Methods: Using Norwegian Trøndelag Health Study (HUNT) data, we calculated risk scores from lifestyle and health data of 7221 dementia-free participants (mean age: 76.8 years, 54.1% female) collected in HUNT3 (2006-2008). Cognitive function was assessed using the Montreal Cognitive Assessment scale (MoCA) 11 years later in HUNT4 70+, and reassessed in 4716 participants 4 years thereafter. Associations between continuous risk scores or risk score tertiles, cognition and cognitive decline were examined using linear mixed-effects models. Logistic regression models were used to test associations between risk scores and a ≥ 3-point decline in MoCA scores.
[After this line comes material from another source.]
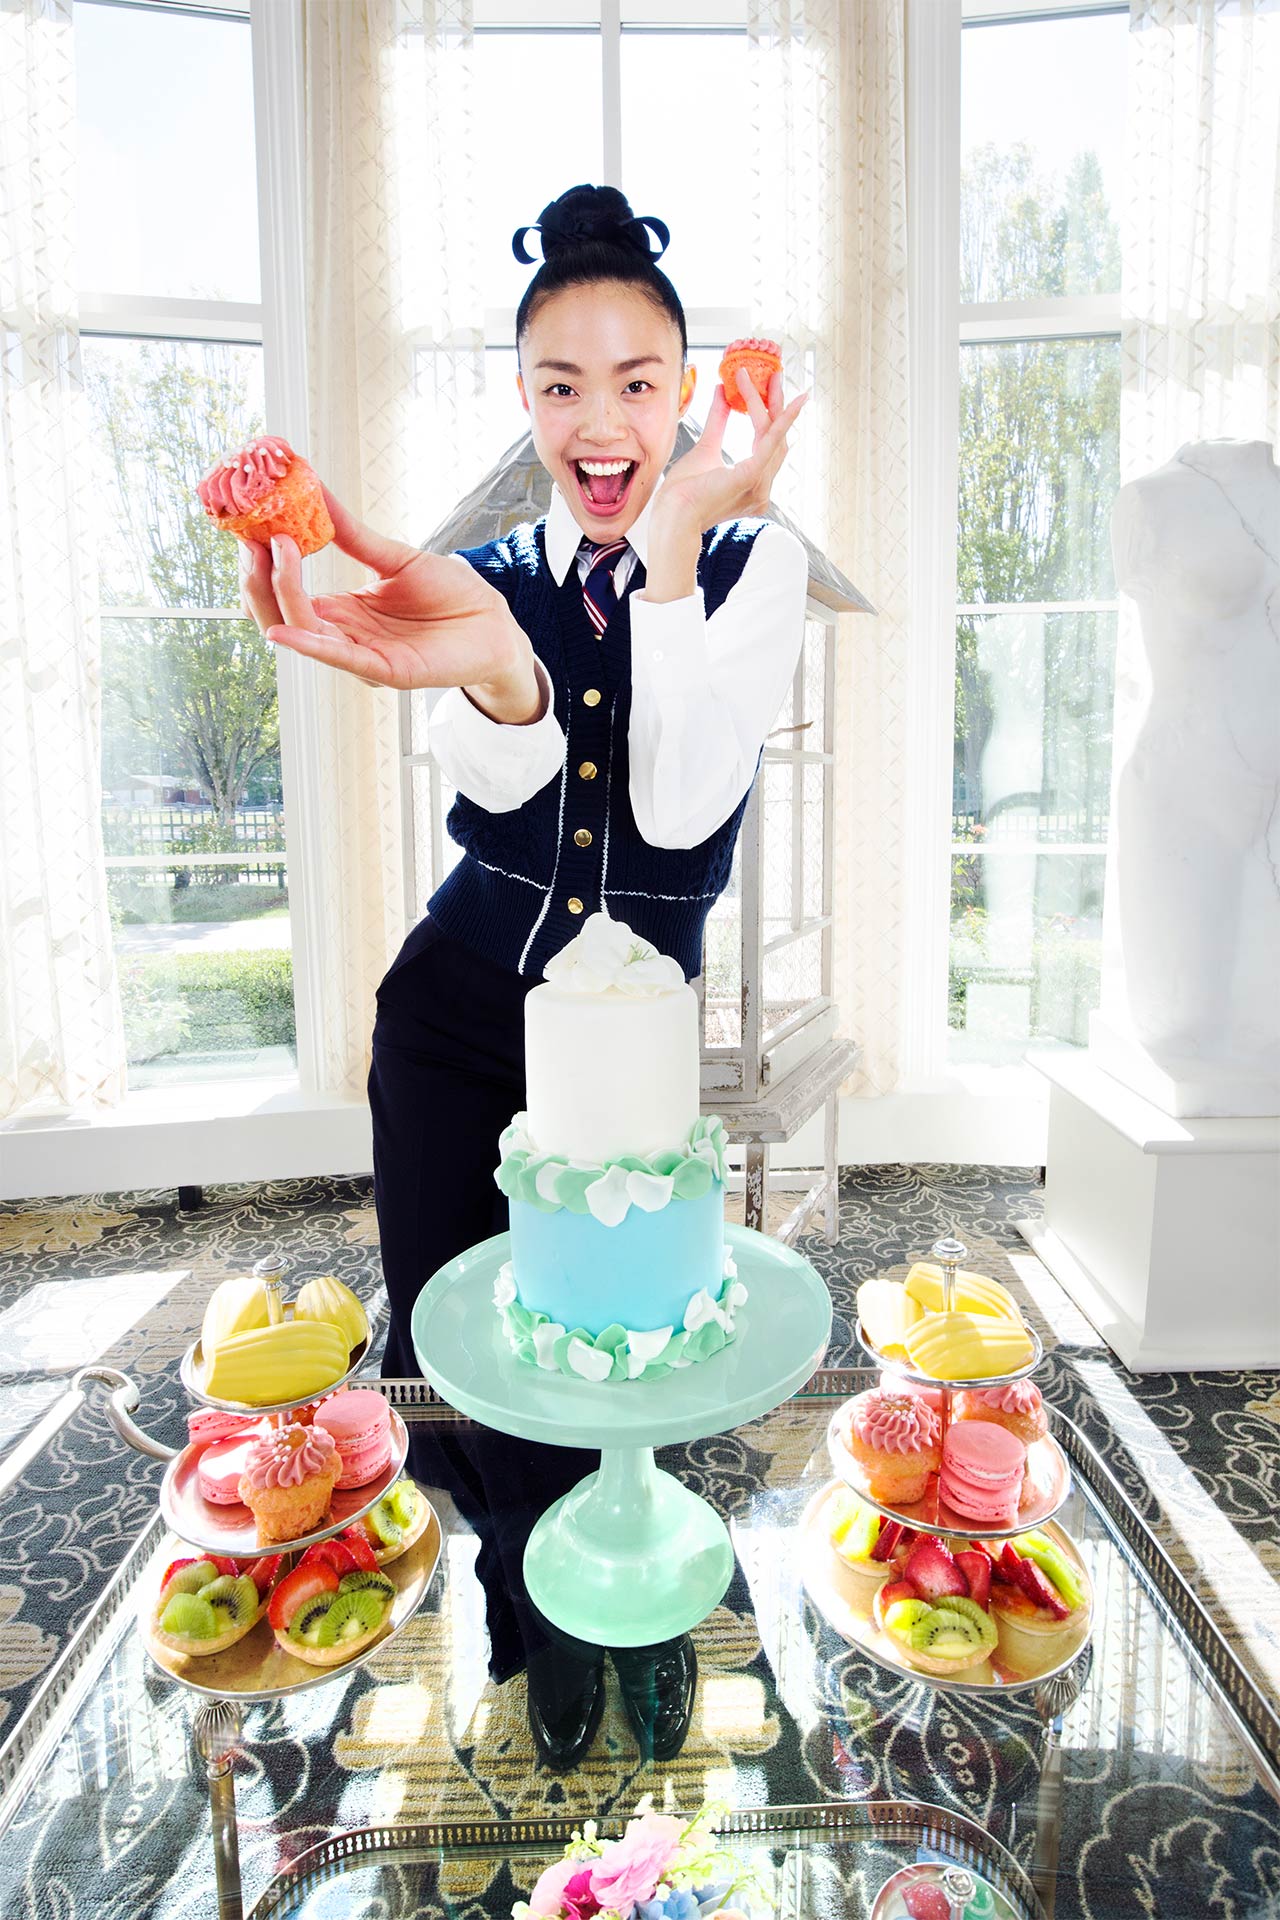 Waitress holding up cupcakes and standing behind a table of desserts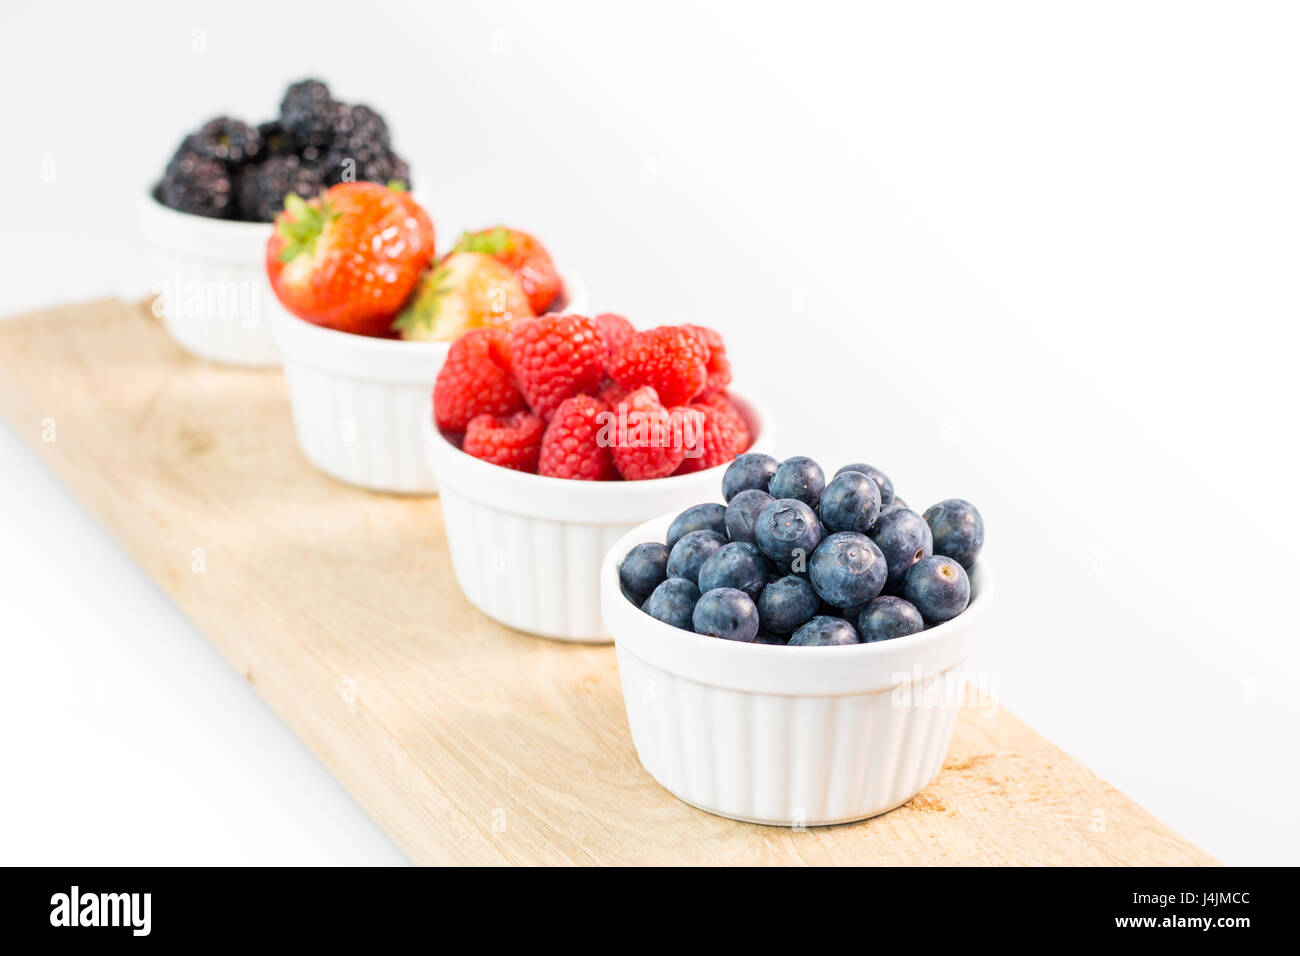 Blueberries, raspberries, strawberries and blackberries on wooden cutting board with shallow depth of field Stock Photo

Results: All risk scores were significantly associated with cognitive function and cognitive decline. Associations with cognitive function ranged from UKBDRS β per 1SD=-1.61(95%CI:-1.72,-1.51) to CAIDE (β=-0.74;95%CI:-0.82,-0.67), and with yearly cognitive decline from Lancet (β=-0.23;95%CI:-0.27,-0.18) to CAIDE (β=-0.04;95%CI:-0.07,-0.02). High-low risk group differences in cognitive function were largest for CogDrisk (β=-3.04;95%CI:-3.27,-2.81), LIBRA (β=-3.04;95%CI:-3.27,-2.80) and lowest for CAIDE (β=-1.65;95%CI:-1.86,-1.44). High-risk groups showed the steepest decline for UKBDRS-APOE (β=-0.43;95%CI:-0.52,-0.34), Lancet (β=-0.39;95%CI:-0.48,-0.30), and LIBRA (β=-0.38;95%CI:-0.47,-0.28). All scores predicted ≥3-point decline modestly: AUCs were highest for UKBDRS (AUC=0.61;95%CI:0.60,0.63), UKBDRS-APOE (0.61;95%CI:0.60,0.63), CogDrisk (0.60;95%CI:0.58,0.62), and Lancet (0.60;95%CI:0.58,0.61), but none outperformed a model including age and education alone (0.61;95%CI:0.60,0.63).
Conclusion: Risk scores captured meaningful gradients in cognition and decline but offered limited discriminatory accuracy beyond demographics, supporting their use for prevention-oriented risk profiling rather than prediction.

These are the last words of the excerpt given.